Charged Lepton Flavor Violation at the High-Energy Colliders: Neutrino Mass Relevant Particles

TL;DR

This paper reviews potential charged lepton flavor violation signals at high-energy colliders arising from neutrino mass models, focusing on various BSM particles and their detectable signatures in future collider experiments.

Contribution

It provides a model-dependent analysis of LFV signals from multiple BSM particles at high-energy colliders, considering current limits and future detection prospects.

Findings

LFV signals depend on effective couplings of BSM particles to leptons.

Heavy neutrino and $W_R$ effects stem from neutrino flavor mixing.
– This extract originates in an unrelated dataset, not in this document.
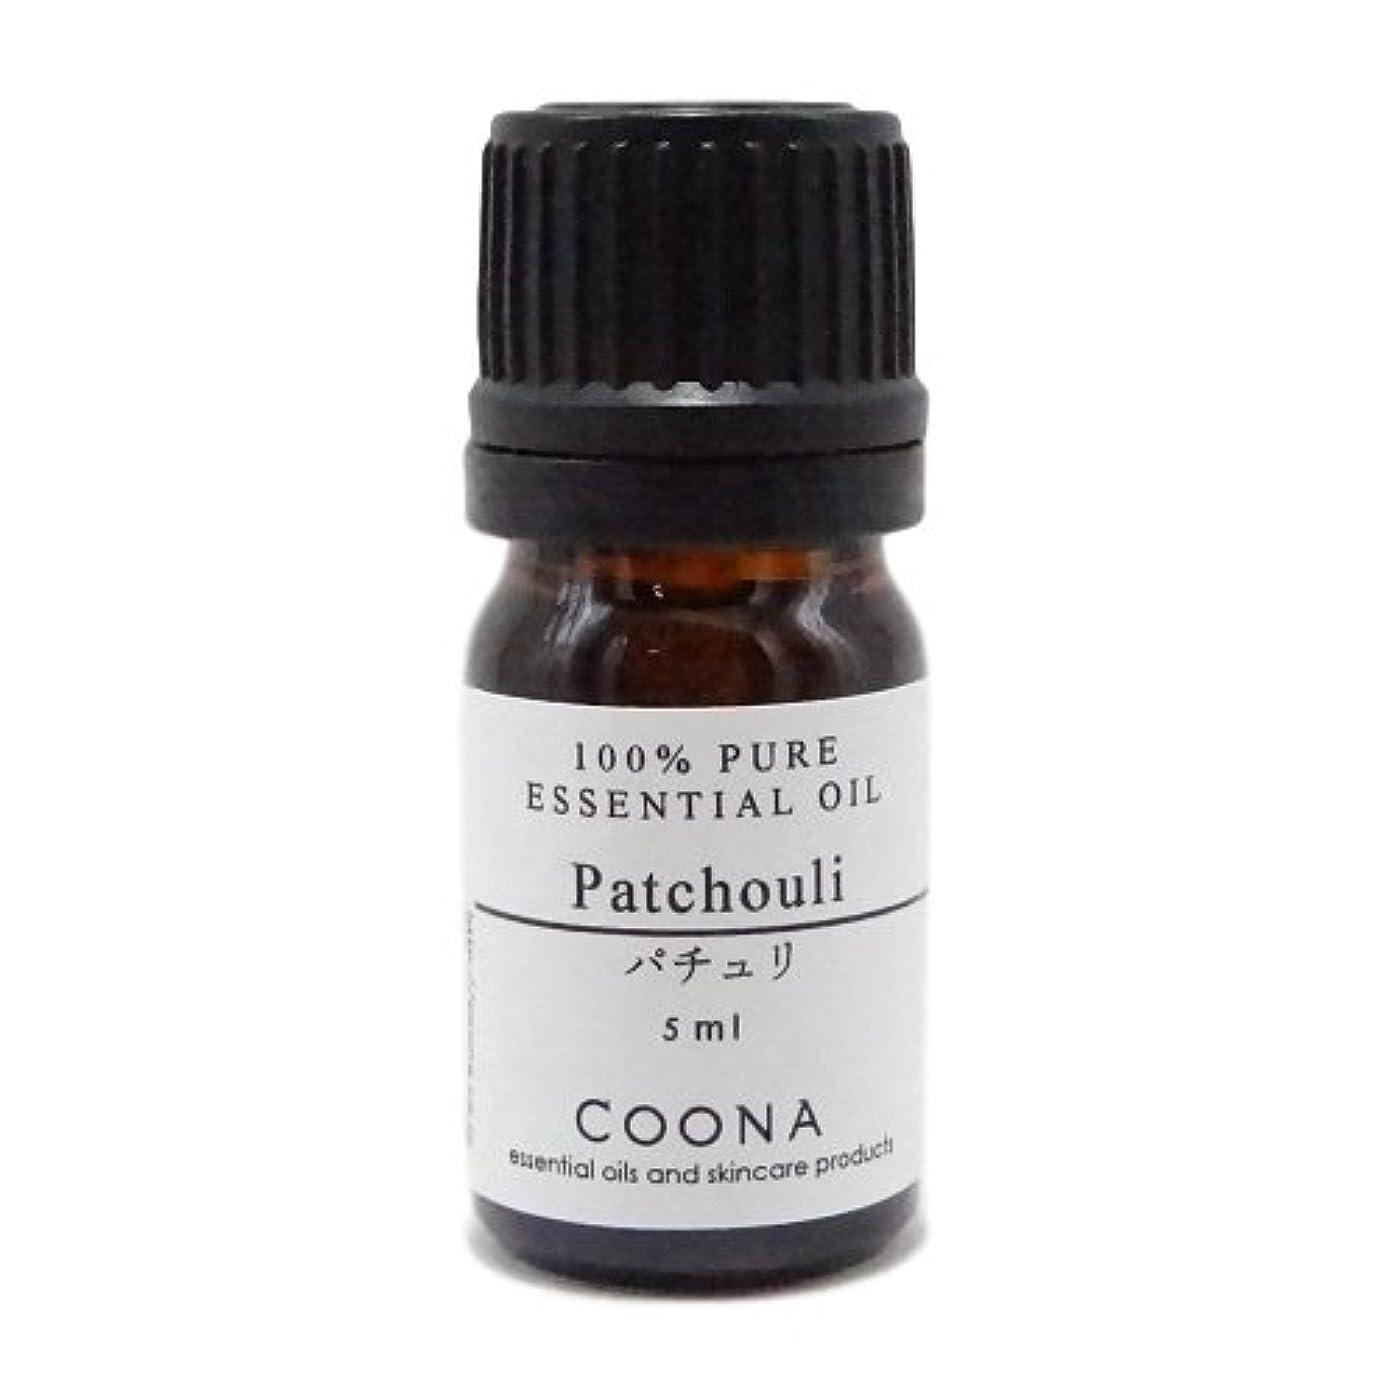 騒乱実行可能苦難パチュリ 5 ml (COONA エッセンシャルオイル アロマオイル 100%天然植物精油)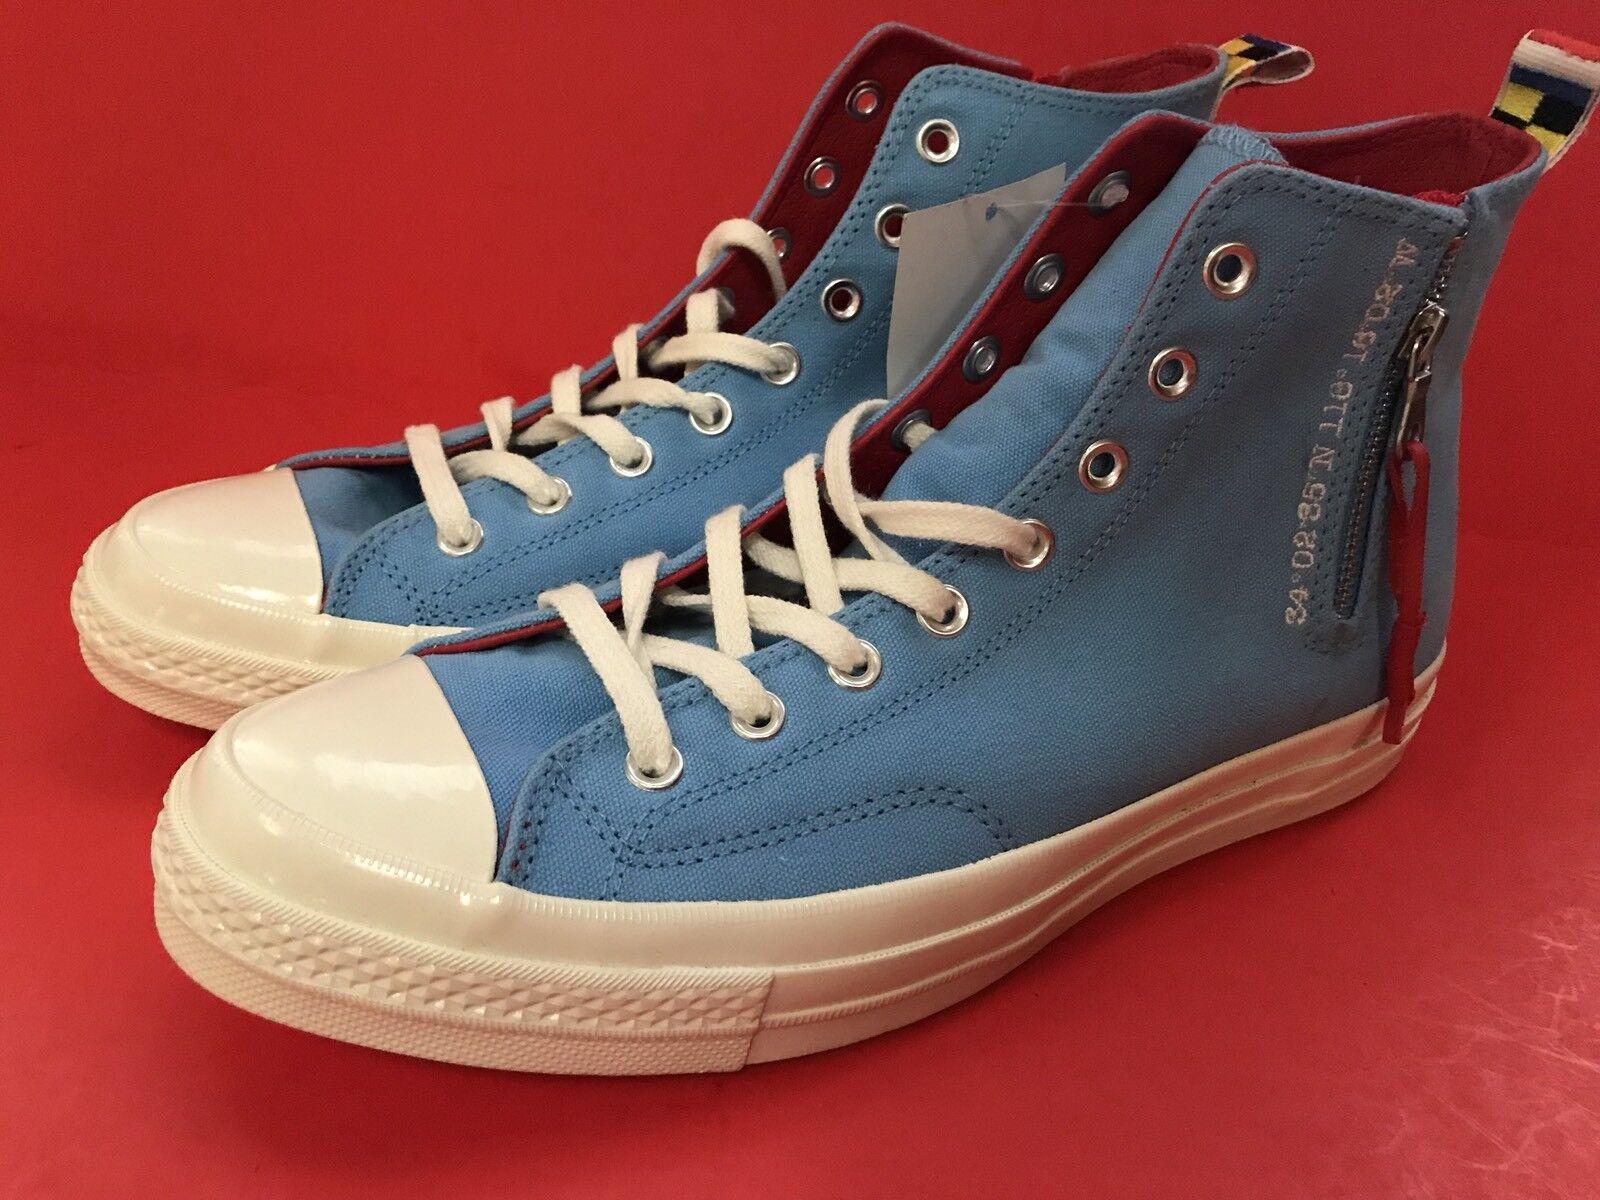 Converse Chuck 70 NBA LA Clippers Canvas 181157C Size 11 M M 11 Or 13 W 5a9944

Future colliders could observe LFV signals within current BSM parameter limits.

Abstract

We summarize the potential charged lepton flavor violation (LFV) from neutrino mass relevant models, for instance the seesaw mechanisms. In particular, we study, in a model-dependent way, the LFV signals at the high-energy hadron and lepton colliders originating from the beyond standard model (BSM) neutral scalar $H$, doubly charged scalar $H^{\pm\pm}$, heavy neutrino $N$, heavy $W_R$ boson, and the $Z'$ boson. For the neutral scalar, doubly charged scalar and $Z'$ boson, the LFV signals originate from the (effective) LFV couplings of these particles to the charged leptons, while for the heavy neutrino $N$ and $W_R$ boson, the LFV effects are from flavor mixing in the neutrino sector. We consider current limits on these BSM particles and estimate their prospects at future high-energy hadron and lepton colliders.